- Film poster
- Directed by: J. D. Chakravarthy
- Written by: J. D. Chakravarthy Krishna Mohan Challa (dialogues)
- Produced by: G. Sambasiva Rao
- Starring: Srikanth J. D. Chakravarthy Sidhika Sharma Rao Ramesh Anisha Singh
- Cinematography: G. Siva Kumar
- Edited by: Venkatesh
- Music by: Hemachandra (songs) Sai Karthik (score)
- Production company: Sudha Cinema
- Release date: 29 June 2012;
- Country: India
- Language: Telugu

= All the Best (film) =

All the Best is a 2012 Indian Telugu-language comedy film written and directed by J. D. Chakravarthy. The film stars Srikanth, J. D. Chakravarthy and Sidhika Sharma in lead roles. The film was released on 29 June 2012 with mixed reviews. Later this film was dubbed into Hindi as Risk. The film is a remake of the Malayalam film Gulumaal: The Escape, which itself is based on the 2000 Argentine movie Nine Queens.

==Soundtrack==

The soundtrack was composed by singer turned composer Hemachandra and the album was released under Aditya Music label. The audio of the films was launched on 3 June 2012 at Dasapalla Hotel in Hyderabad with Dasari Narayana Rao as the chief guest.

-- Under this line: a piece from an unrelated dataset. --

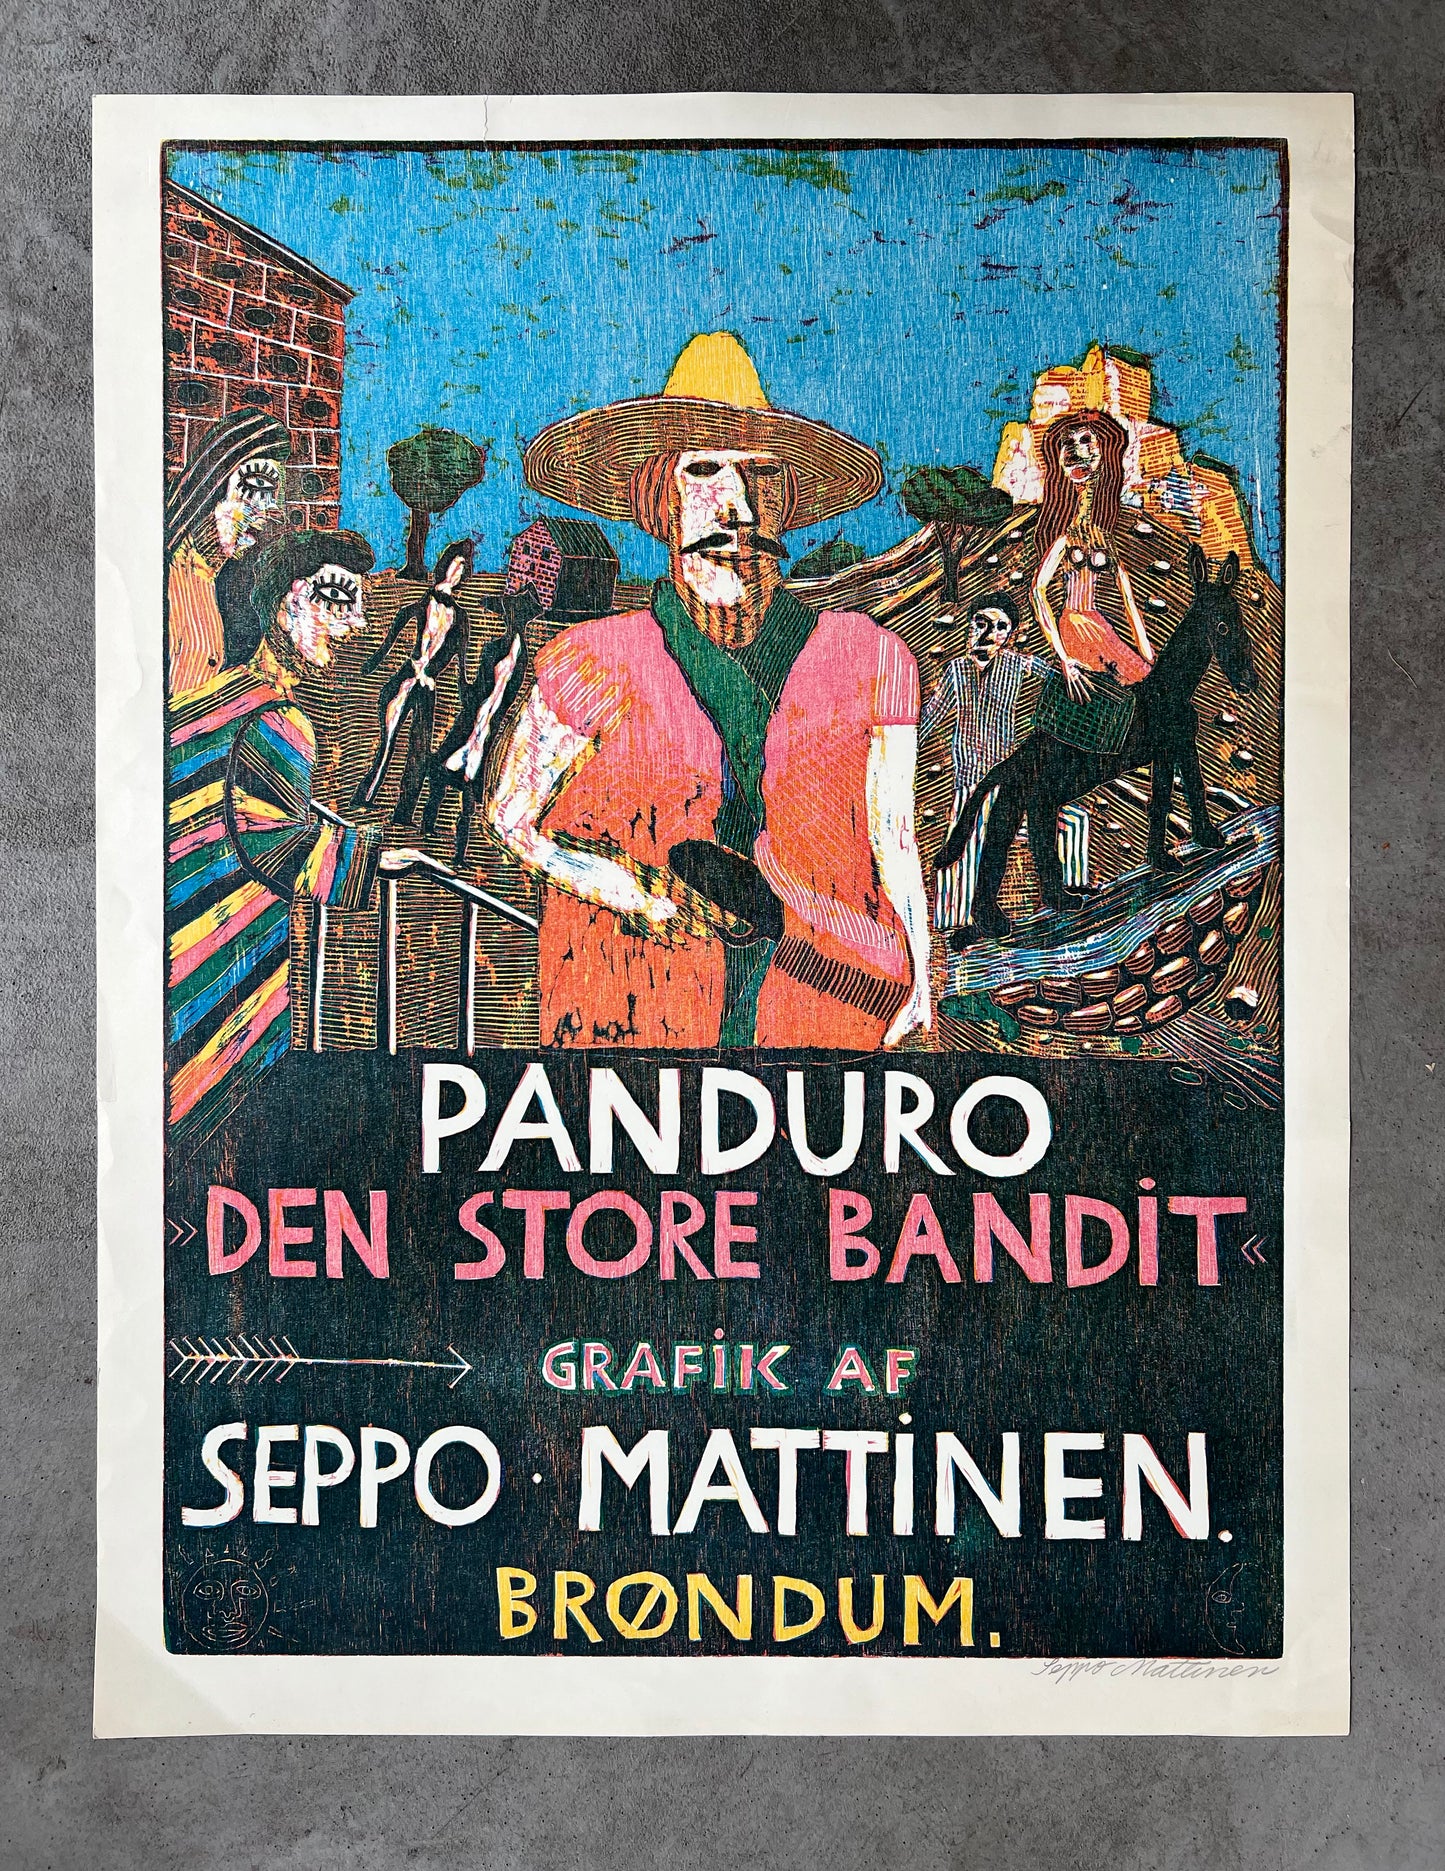 Seppo Mattinen. "Panduro the Great Bandit", 1973
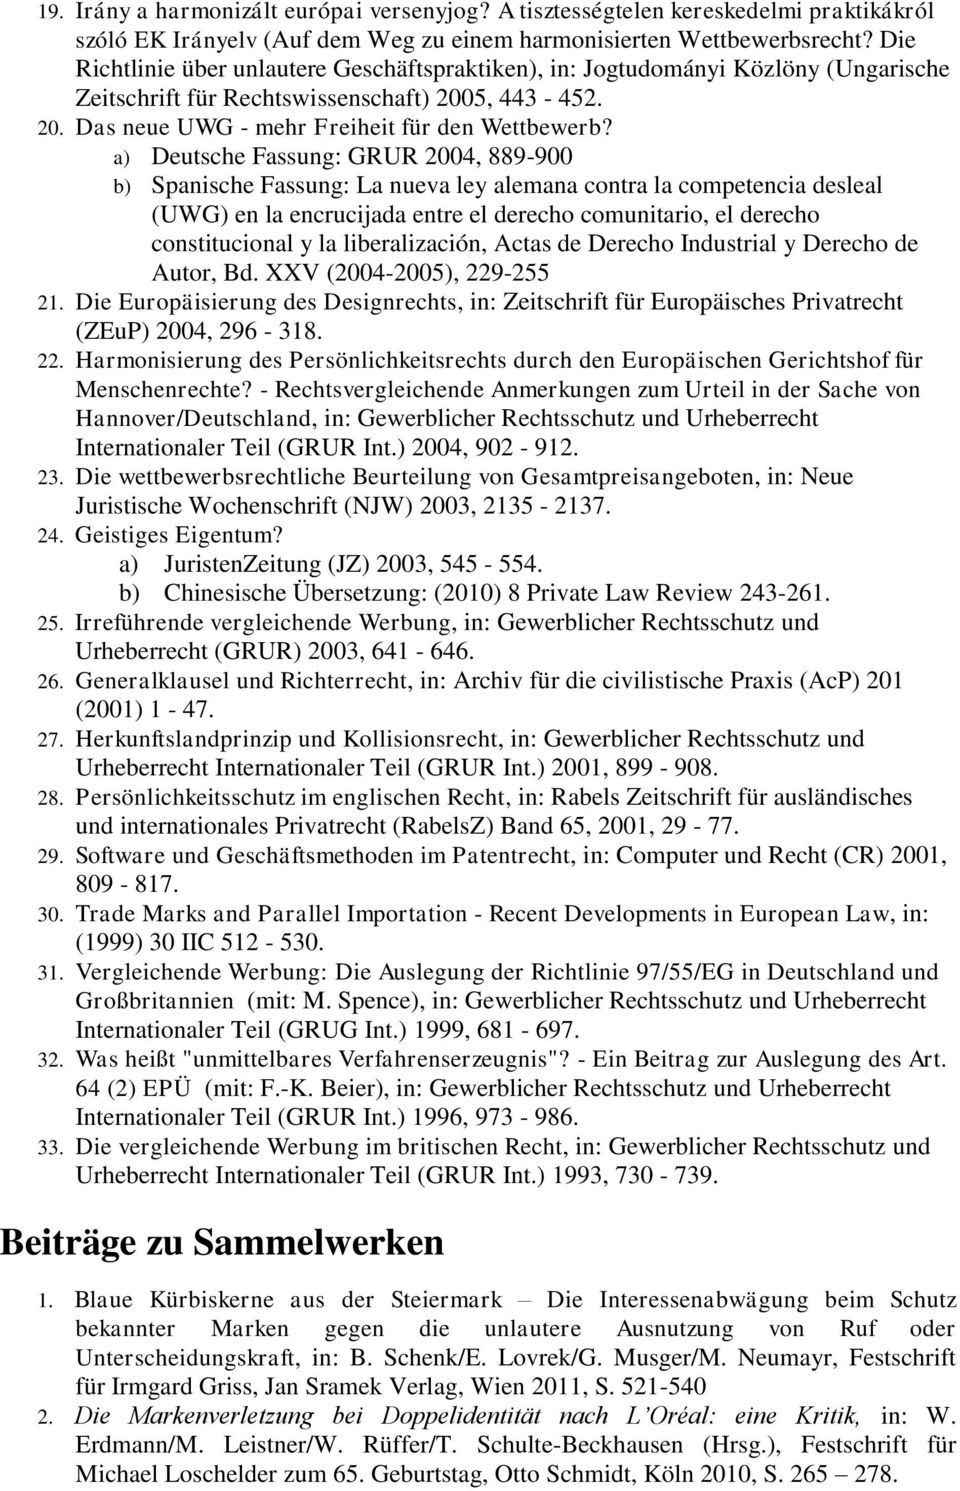 a) Deutsche Fassung: GRUR 2004, 889-900 b) Spanische Fassung: La nueva ley alemana contra la competencia desleal (UWG) en la encrucijada entre el derecho comunitario, el derecho constitucional y la

All the songs in the album were written by Geetha Poonik.

Tracklist
| No. | Title | Artist(s) | Length |
|---|---|---|---|
| 1. | "Sundari Tingaari" | Hemachandra, Rita, Pranavi | 3:46 |
| 2. | "All The Best" | N. C. Karunya, Noel, Bindu Ramakrishna, Aditya | 3:48 |
| 3. | "Thuogoji Pagoji - 1" | L. R. Eswari, Mano | 3:31 |
| 4. | "Lammi Lammi" | Sunil Kashyap, Kajal | 3:18 |
| 5. | "Sana Sana" | Hemachandra, Monisha | 3:14 |
| 6. | "Thuogoji Pagoji - 2" | Priya Himesh, Mano | 3:31 |
| Total length: |  |  | 21:08 |

== Reception ==
A critic from The Times of India rated the film 2/5 stars and wrote, "There is nothing much to write about the other departments for they are all a little too run of the mill" Jeevi of Idlebrain.com wrote, "The film has every thing in right place, but the director’s inability get the timing right marred the over all impact of the movie".